You've repeatedly claimed that some facts support the creationist position. Again, you can either find an example that isn't ridiculously wrong, retract your absurd claim, or keep pulling a "Jane" by doing neither. Since you probably won't surprise us on this account, perhaps lowered expectations are in order. Earlier, you claimed:
Just one example: The fact that radiometric dating relies on certain assumptions has been one of their favorite talking points. Are those assumptions reasonable? I think so. But they ARE assumptions, and that is a fact.

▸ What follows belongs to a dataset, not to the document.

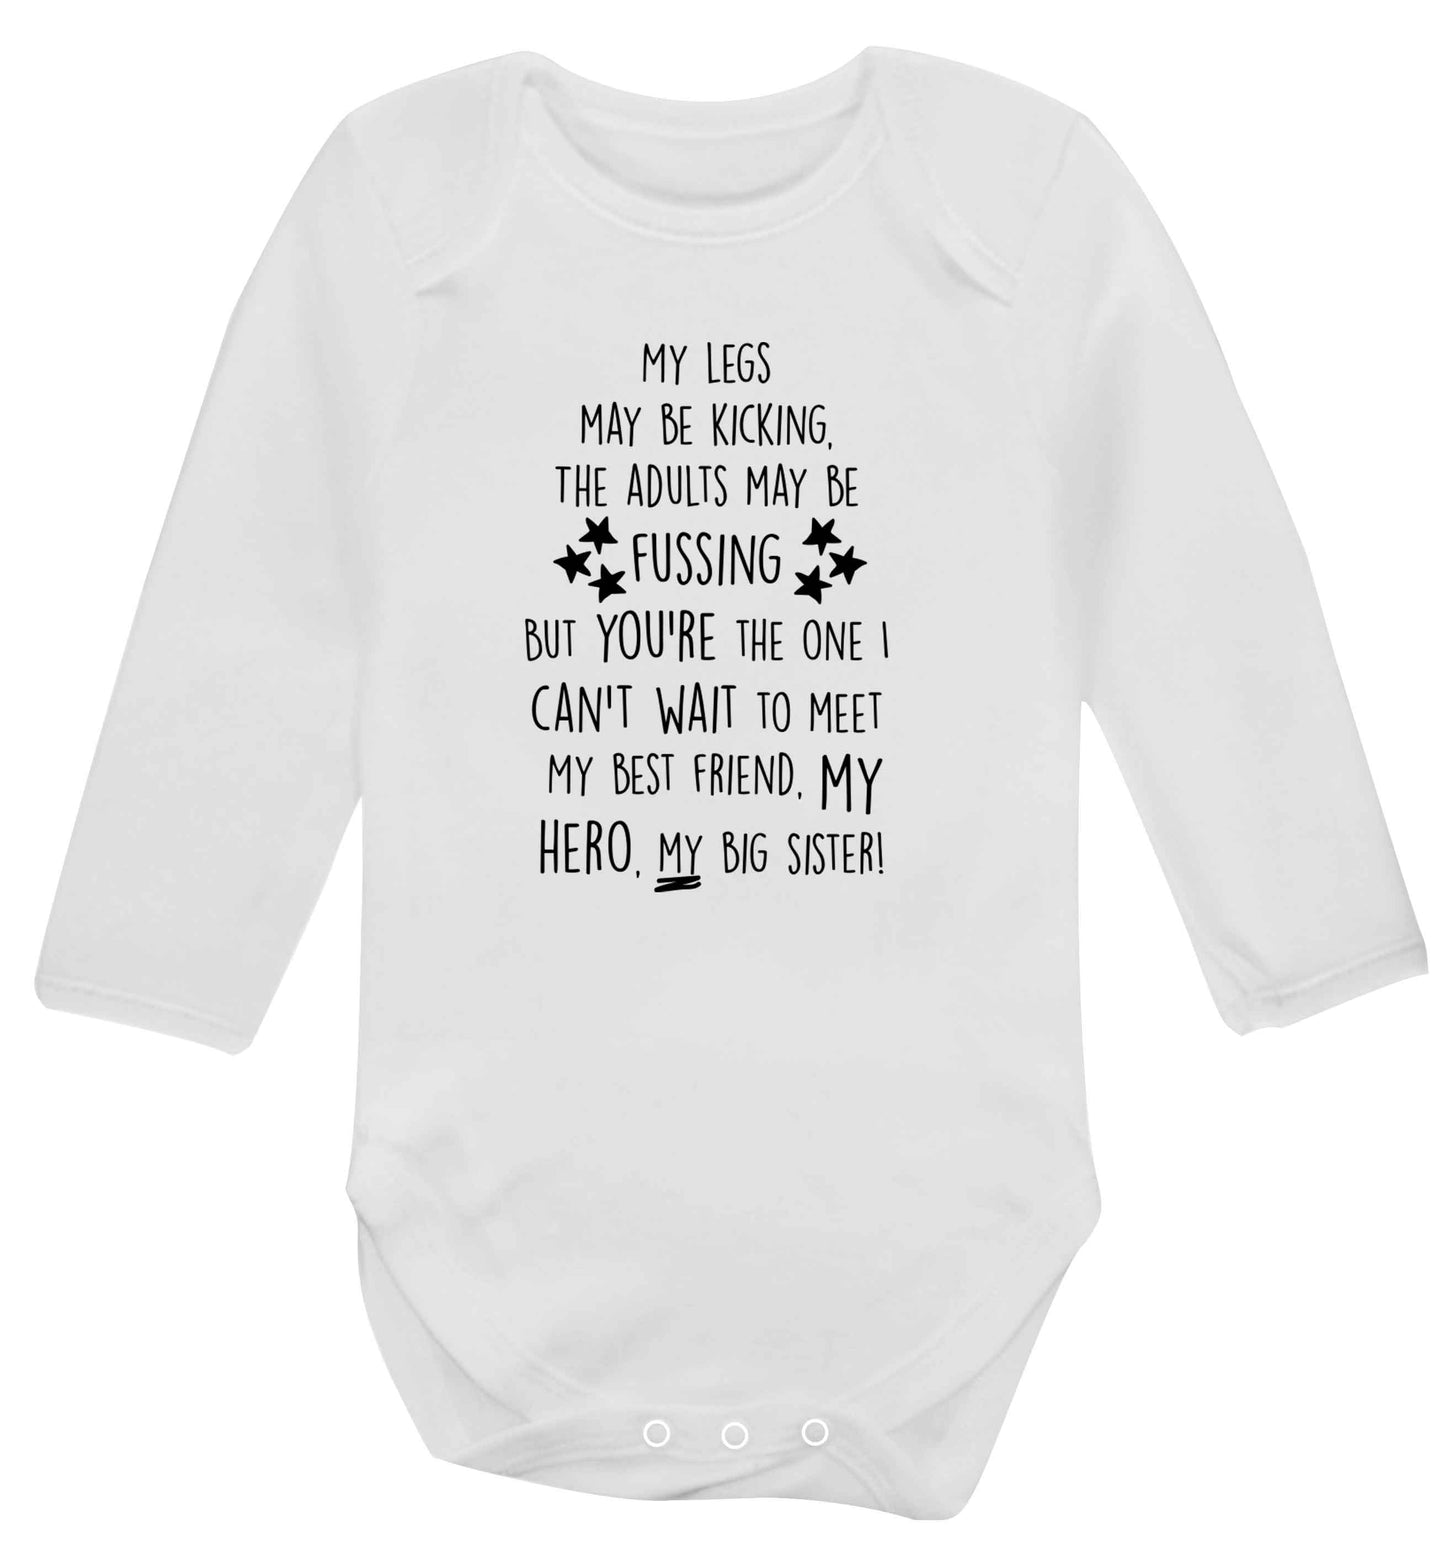 A poem from bump to big sister Baby Vest long sleeved white 6-12 months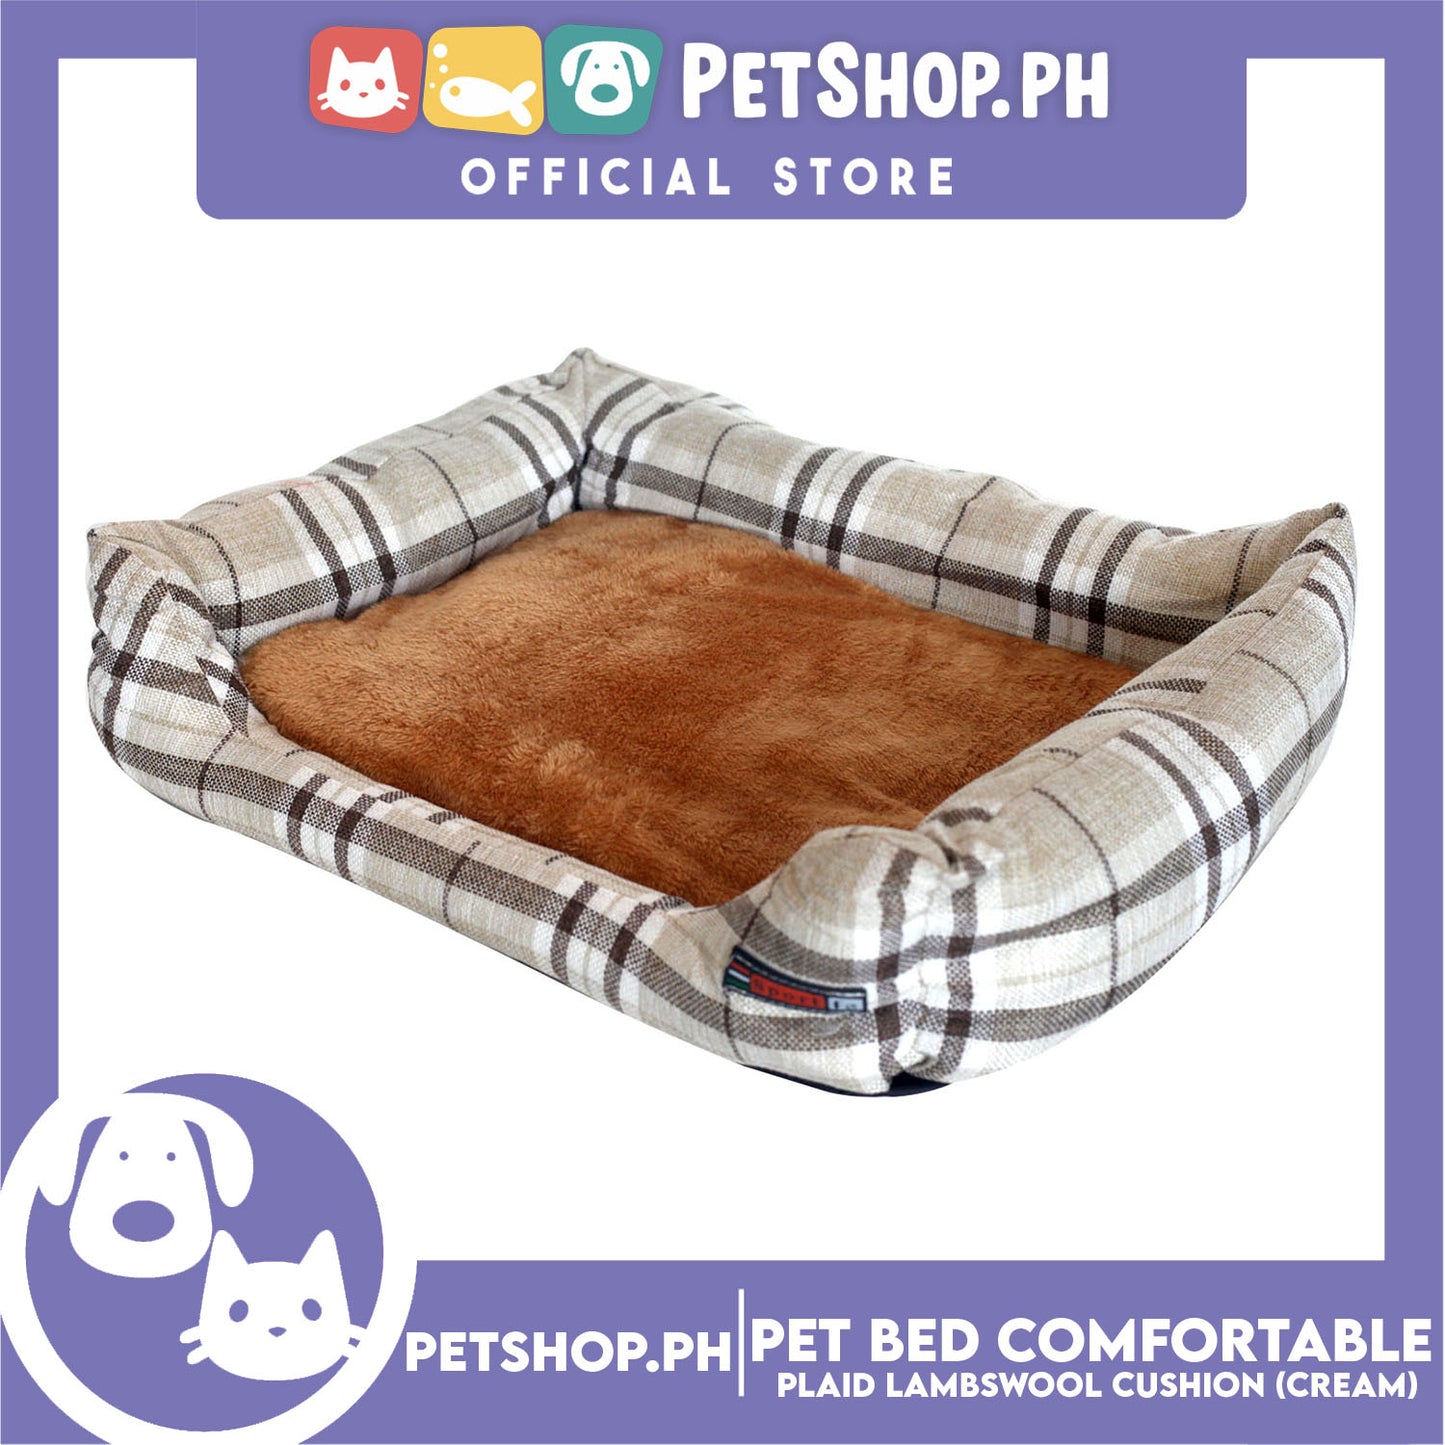 Pet Bed Comfortable Sleeping Bed Plaid Cotton Design with Lambswool Cushion 70x53x11cm Large (Cream)

Therefore, there do exist facts that can be said to support (or at least not refute) the creationists' arguments.
...I replied by saying "No, isochron dating only relies on nuclear decay rates being constant, which has been confirmed by SN1987a, etc. Try again." and your response was "Okay, maybe it was a bad example."
Any example may be a bad example, so that wasn't a retraction. Your example actually was a bad example, and anyone who understood my point would have the intellectual integrity to admit that without weasel words. So perhaps my website was down; here's the relevant part:
Isochron dating results of old rocks depend only on nuclear decay rates being constant in time. Isochron dating isn’t dependent on initial quantities of elements, and the analysis method automatically produces error bars on the obtained age. The oldest rocks we have agree that the Earth is 4.55 billion years old, plus or minus 100 million years or so.
Just to be clear, we can’t be sure that nuclear decay rates are exactly constant. But experiments have placed constraints on the size of any variation in decay rates:
- Supernovae produce many radioactive elements which slowly decay after the explosion. At first they shine brightly in a spectroscopically unique manner, but over the course of several weeks they fade to half their previous brightness. The amount of time it takes the brightness to fade is a direct measurement of the nuclear decay rate. The best example is supernova 1987A, which lies ~169,000 LY away. That means that when scientists looked at that light in 1987, they were measuring the nuclear decay rate as it was around 169,000 years ago. The results were experimentally indistinguishable from current decay rates, and have been confirmed by similar experiments on SN1991T, which is 60,000,000 light years away.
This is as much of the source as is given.